The data is crucial to the high-tech stores' ability to charge customers for the items they want without employing a cashier. Amazon creates skeleton-like models based on people's size and shape, according to the lawsuit, which mirror the real movements customers make inside the store.

"[T]he Just Walk Out technology used to distinguish shoppers from one another is not biometric, and is used only to link a customer with their purchases during a single store visit," an Amazon spokesperson told Insider Saturday.

Amazon had failed to post signs at its New York stores addressing biometric data for over a year, putting them in place this week — after the New York Times reported their absence, according to the lawsuit. The new signs say no biometric data is being collected outside use of the palm scanner, according to the lawsuit.

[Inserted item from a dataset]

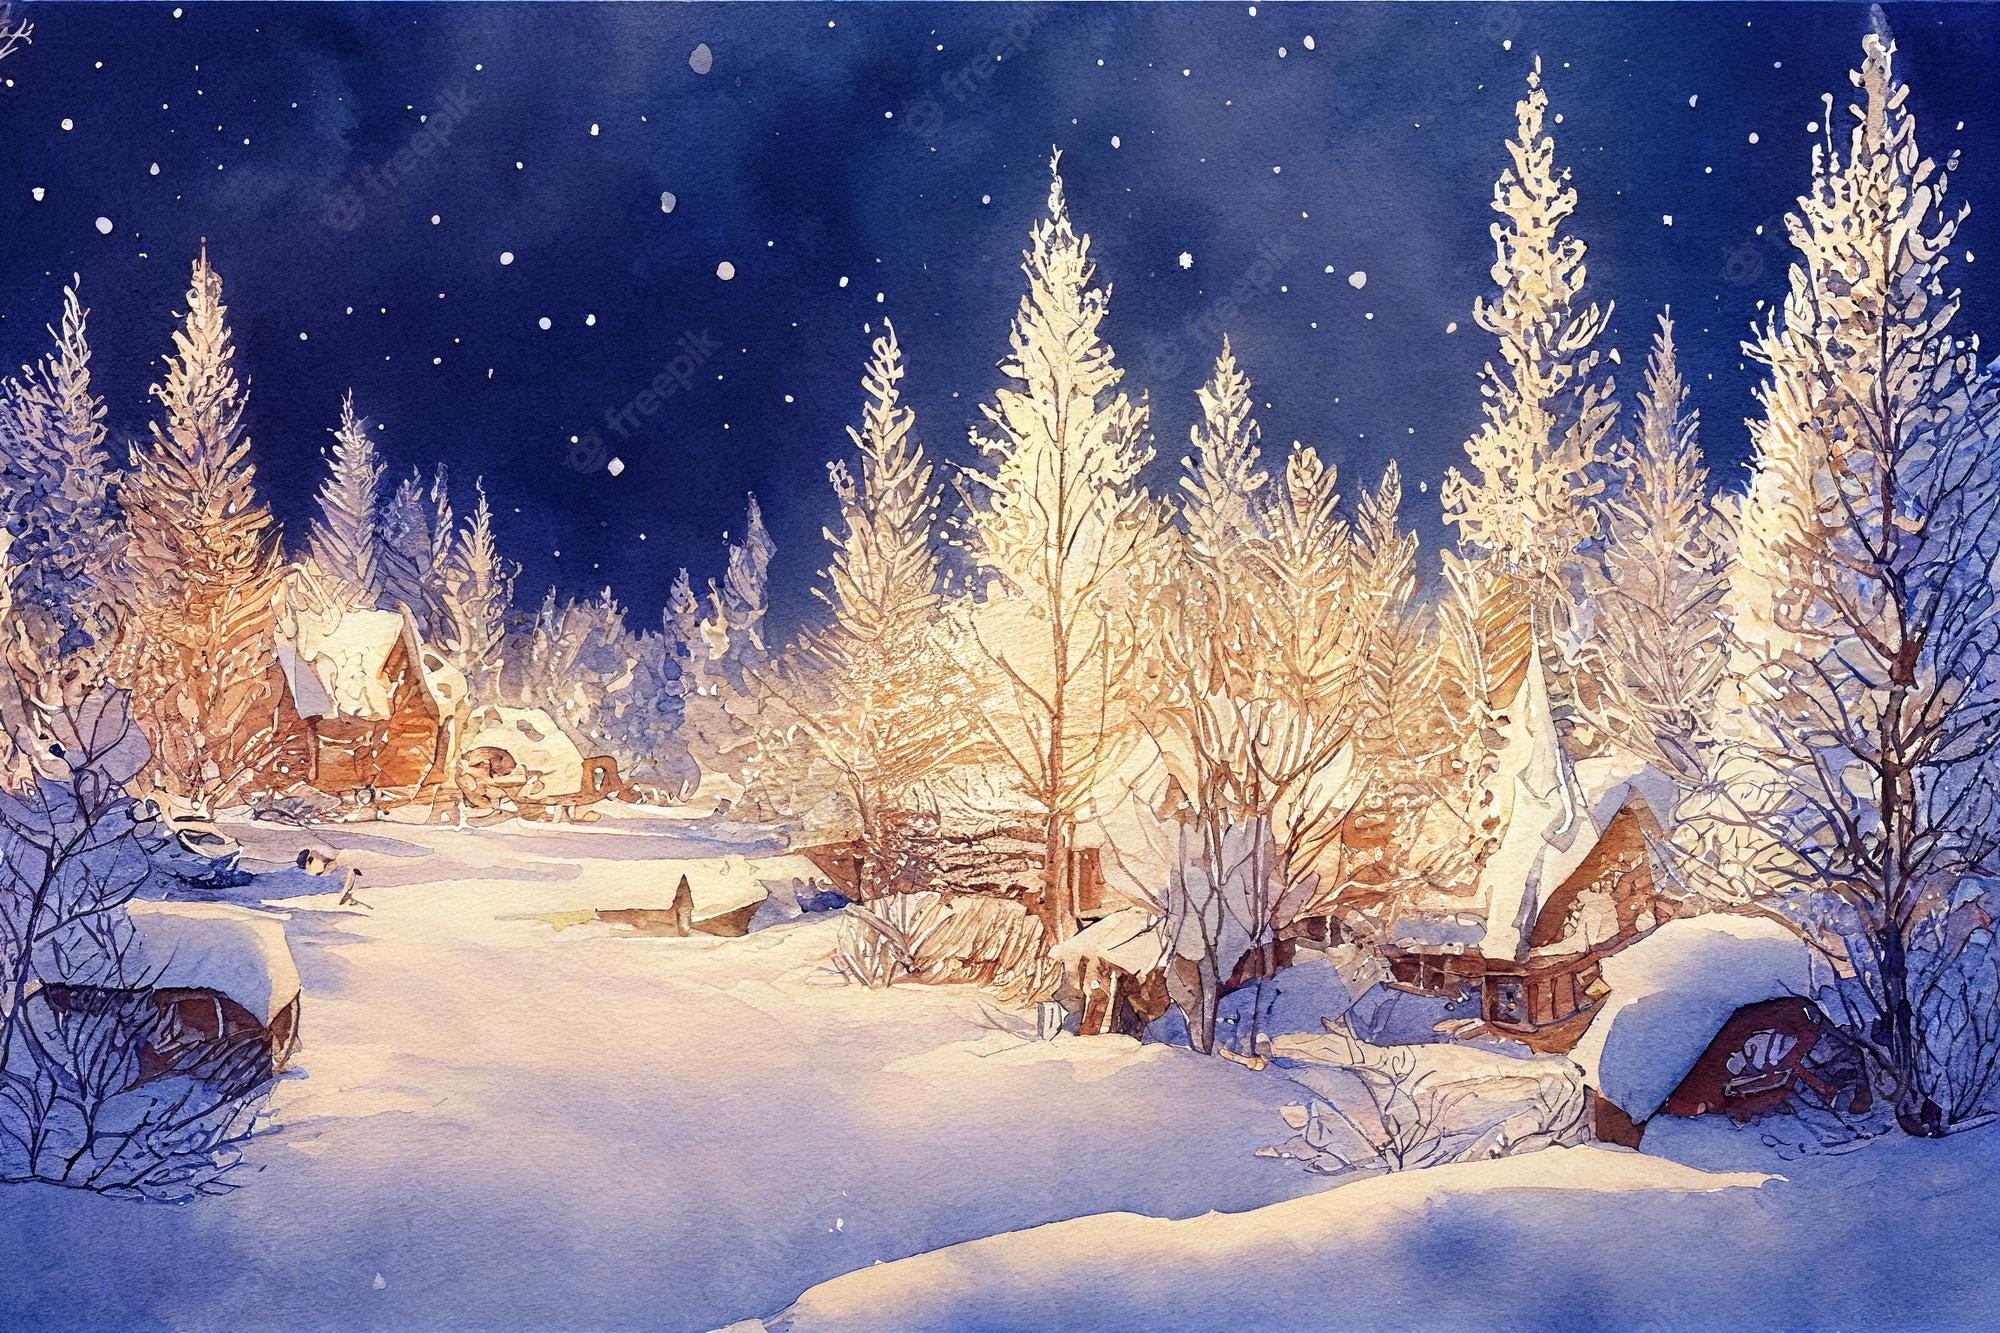 Snow falling background Image. Free Vectors, & PSD

"Only shoppers who choose to enroll in Amazon One and choose to be identified by hovering their palm over the Amazon One device have their palm-biometric data securely collected, and these individuals are provided the appropriate privacy disclosures during the enrollment process," the spokesperson said.

Amazon Go customers must use an app or credit card linked to their Amazon account, or the store's palm scanner, to enter the store. Shoppers then pick up the items they want to purchase, and Amazon tracks the items taken by customers before charging them automatically as they leave the store.

The lawsuit also claims the new signs at Amazon Go stores are designed with colors, style, and fonts that make them easier to ignore.

"We think that Amazon's conduct has gone from bad to worse," Roman-Friedman told Insider.